• BRIEF: Write out everything in the records exactly, apart from the pictures.
########################################
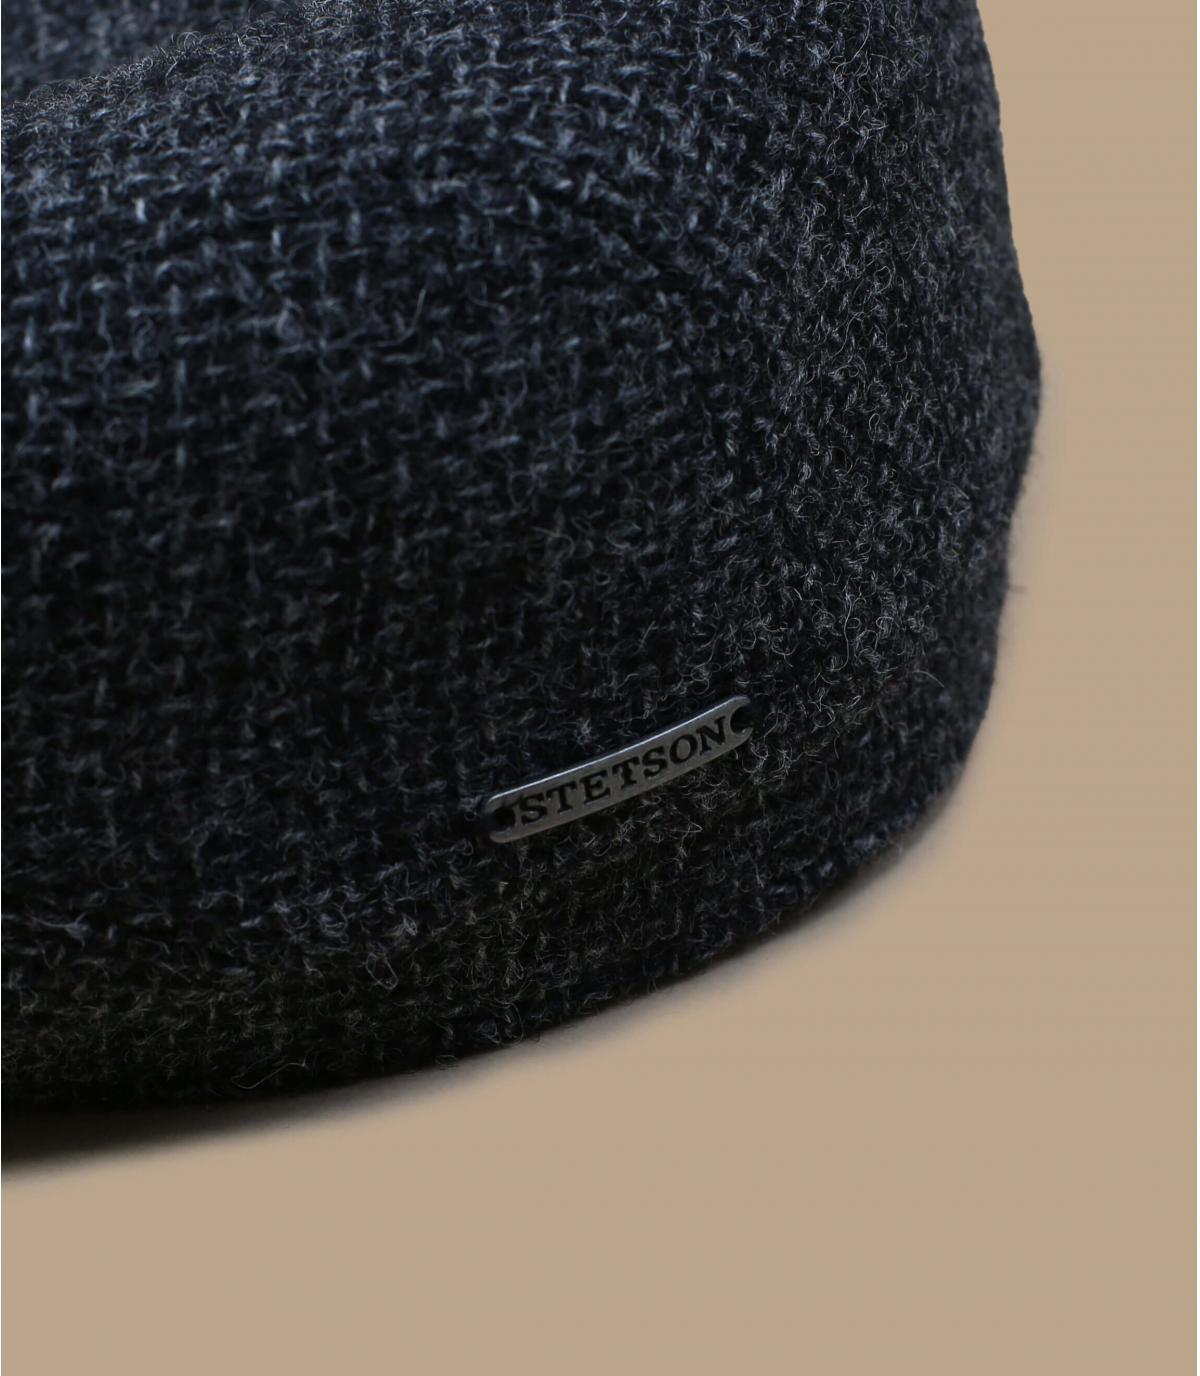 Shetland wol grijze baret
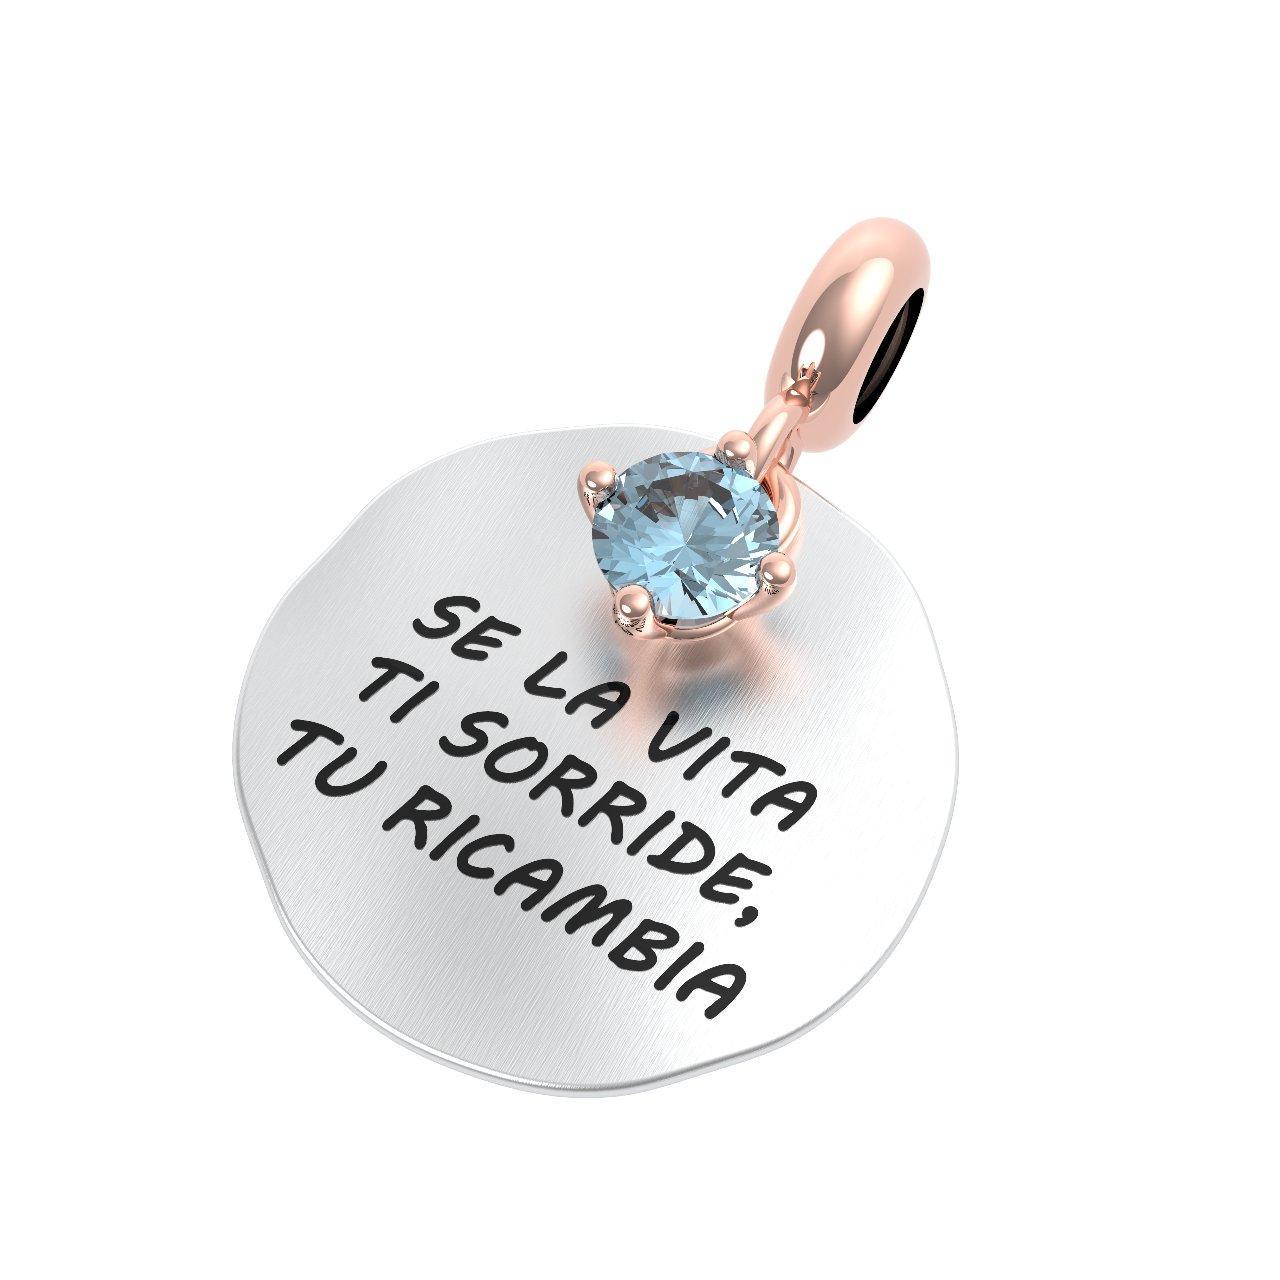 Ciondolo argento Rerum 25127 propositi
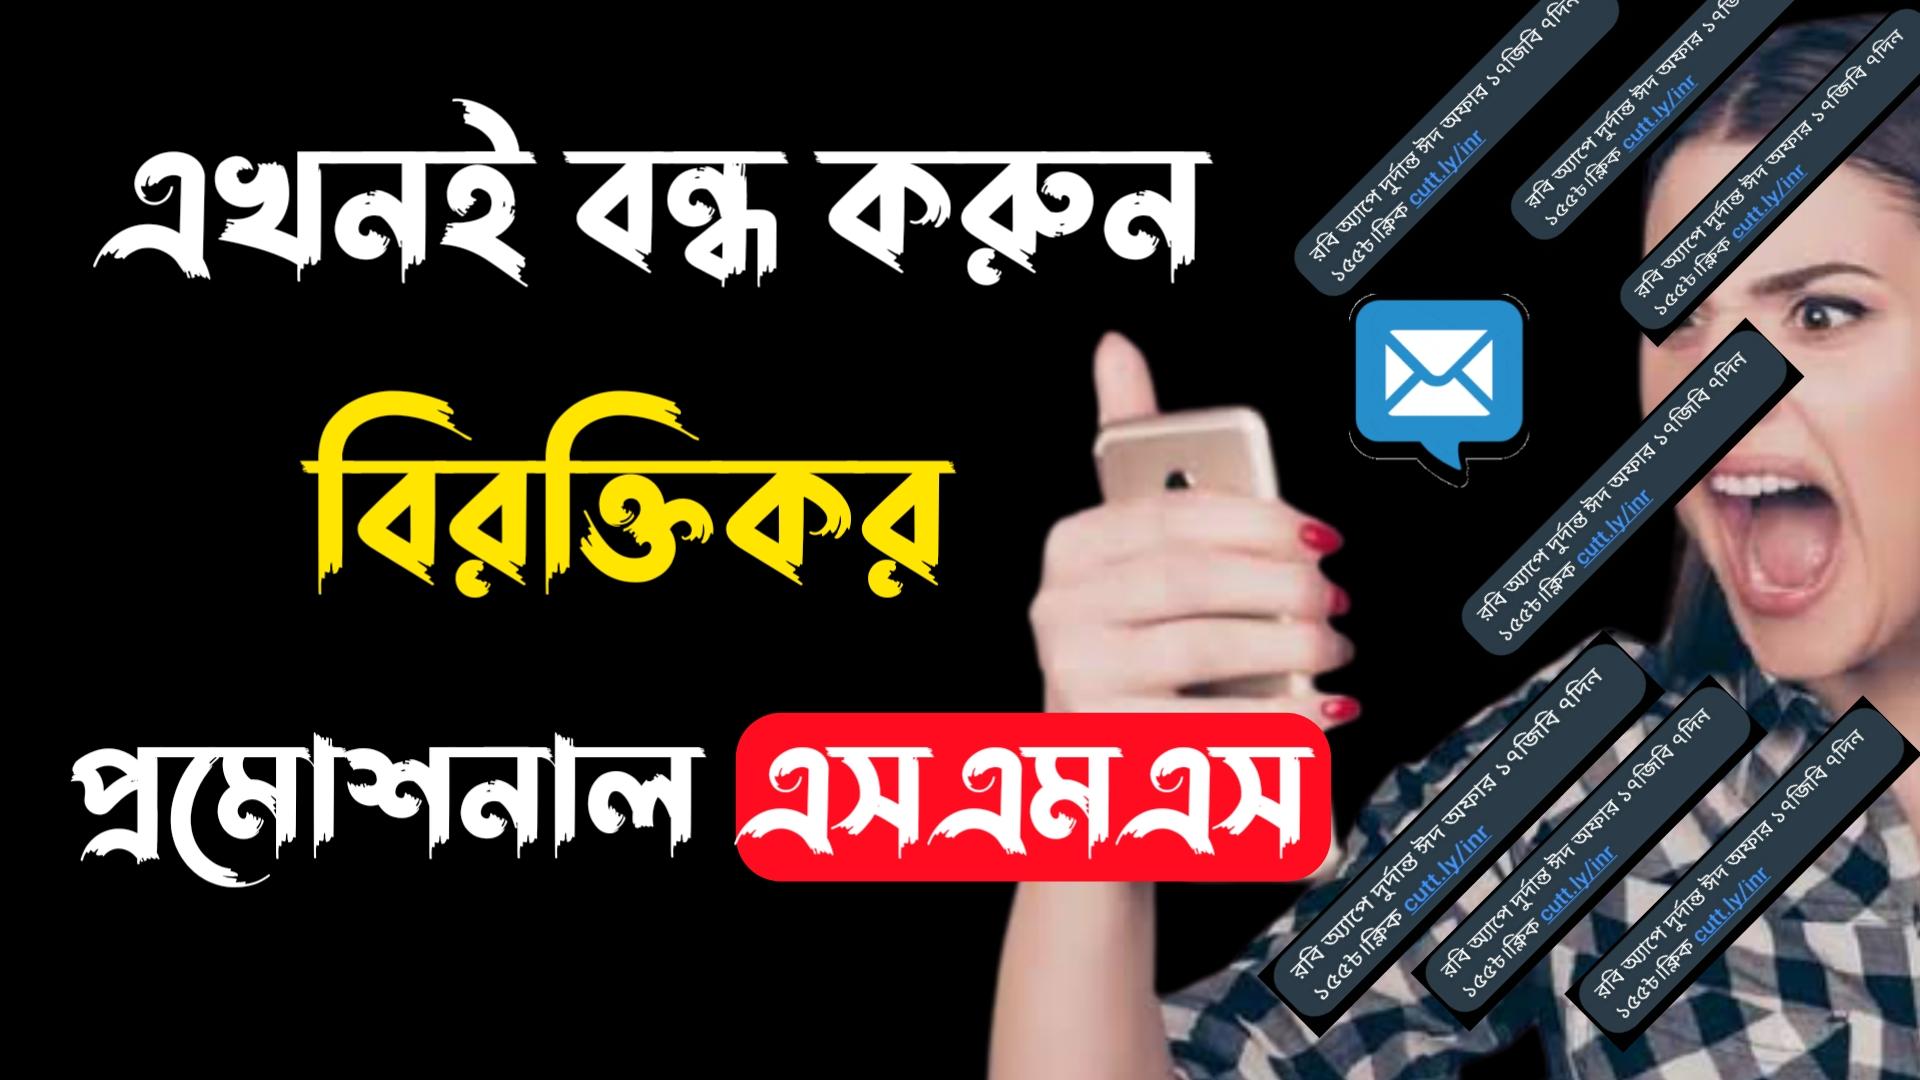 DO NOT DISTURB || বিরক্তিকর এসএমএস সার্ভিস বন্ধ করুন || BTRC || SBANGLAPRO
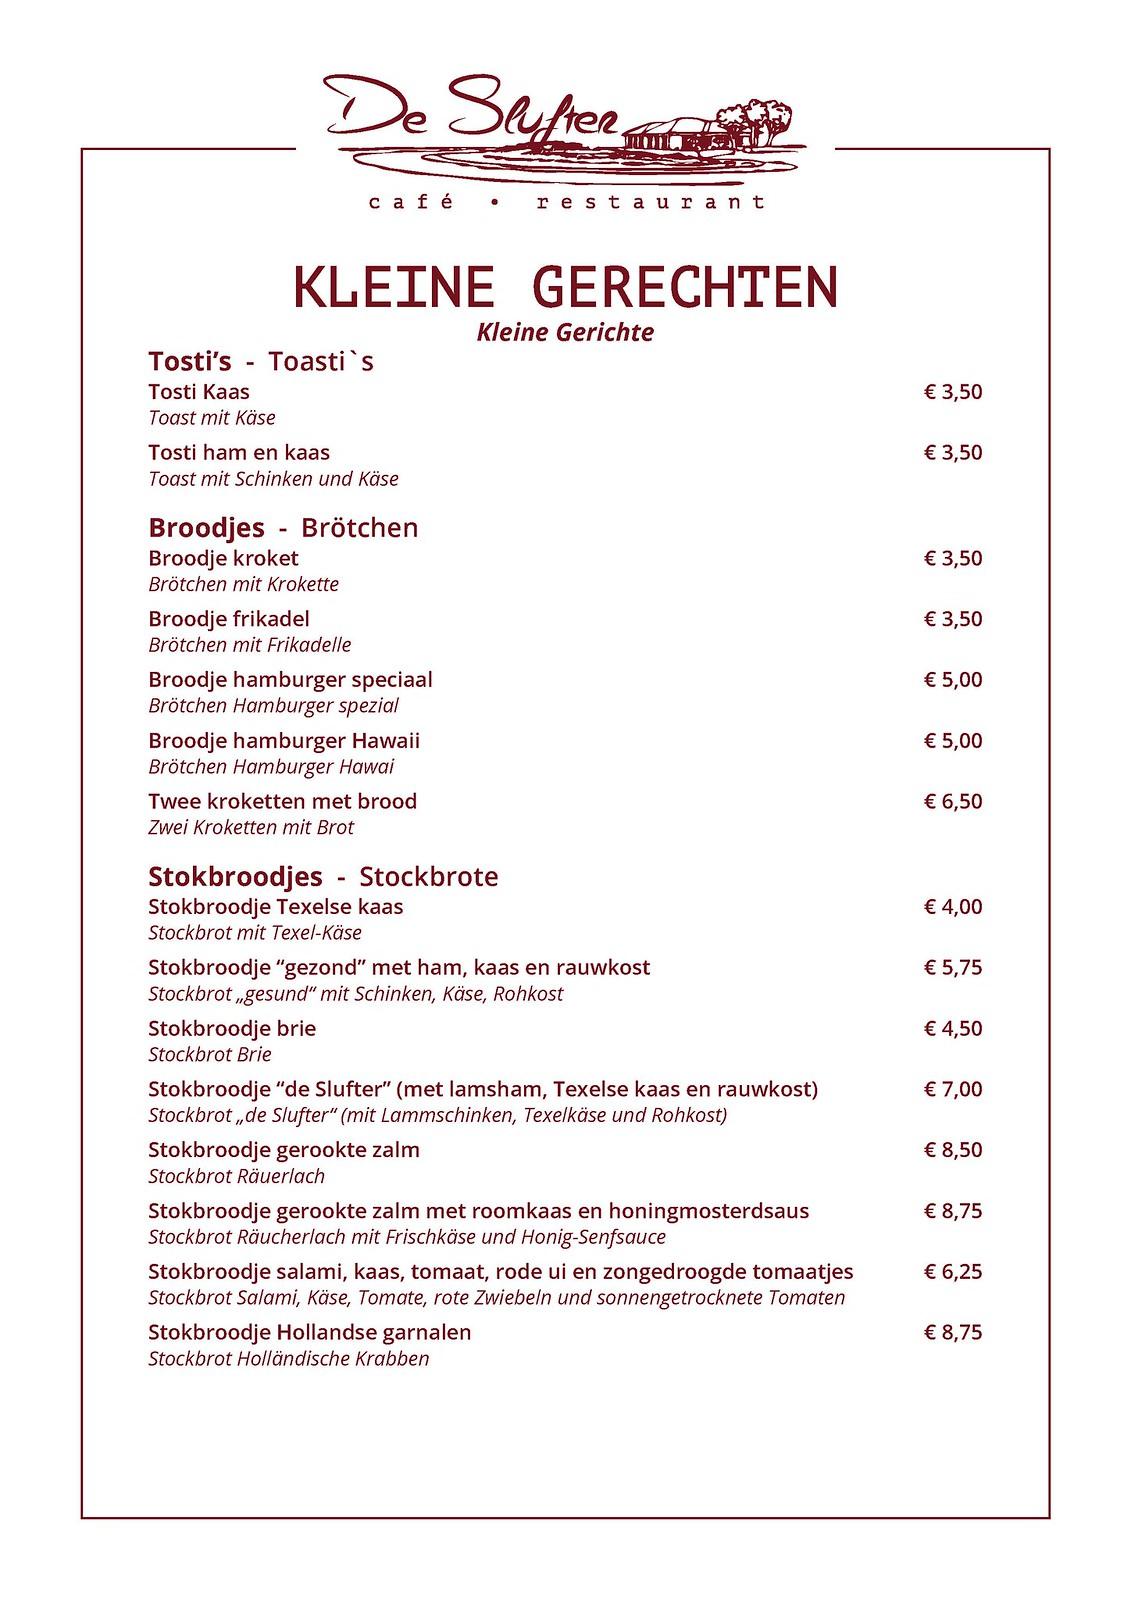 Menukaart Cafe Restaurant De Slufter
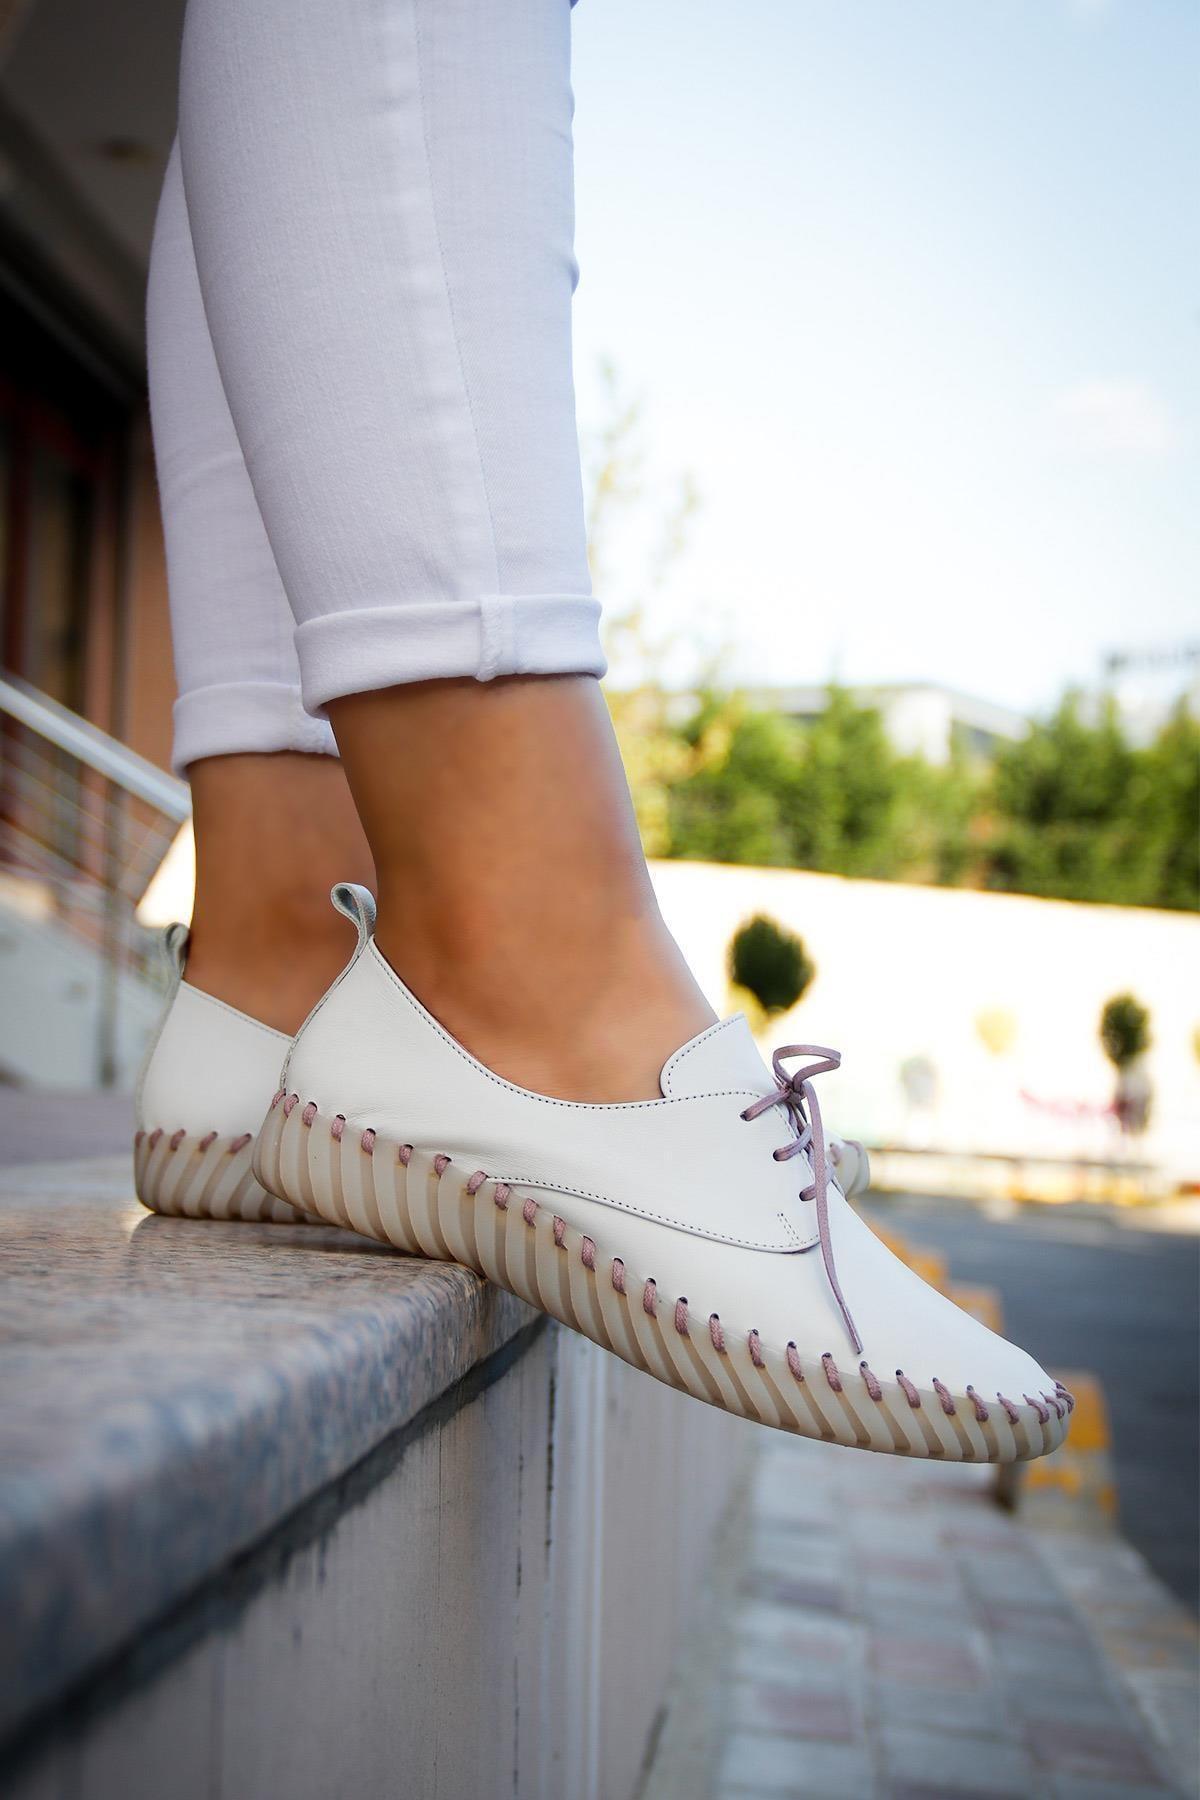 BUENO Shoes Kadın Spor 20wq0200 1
########################################
• RESPONSE AREA:
 Shetland wol grijze baret
 Ciondolo argento Rerum 25127 propositi
 DO NOT DISTURB || বিরক্তিকর এসএমএস সার্ভিস বন্ধ করুন || BTRC || SBANGLAPRO
 Menukaart Cafe Restaurant De Slufter
 BUENO Shoes Kadın Spor 20wq0200 1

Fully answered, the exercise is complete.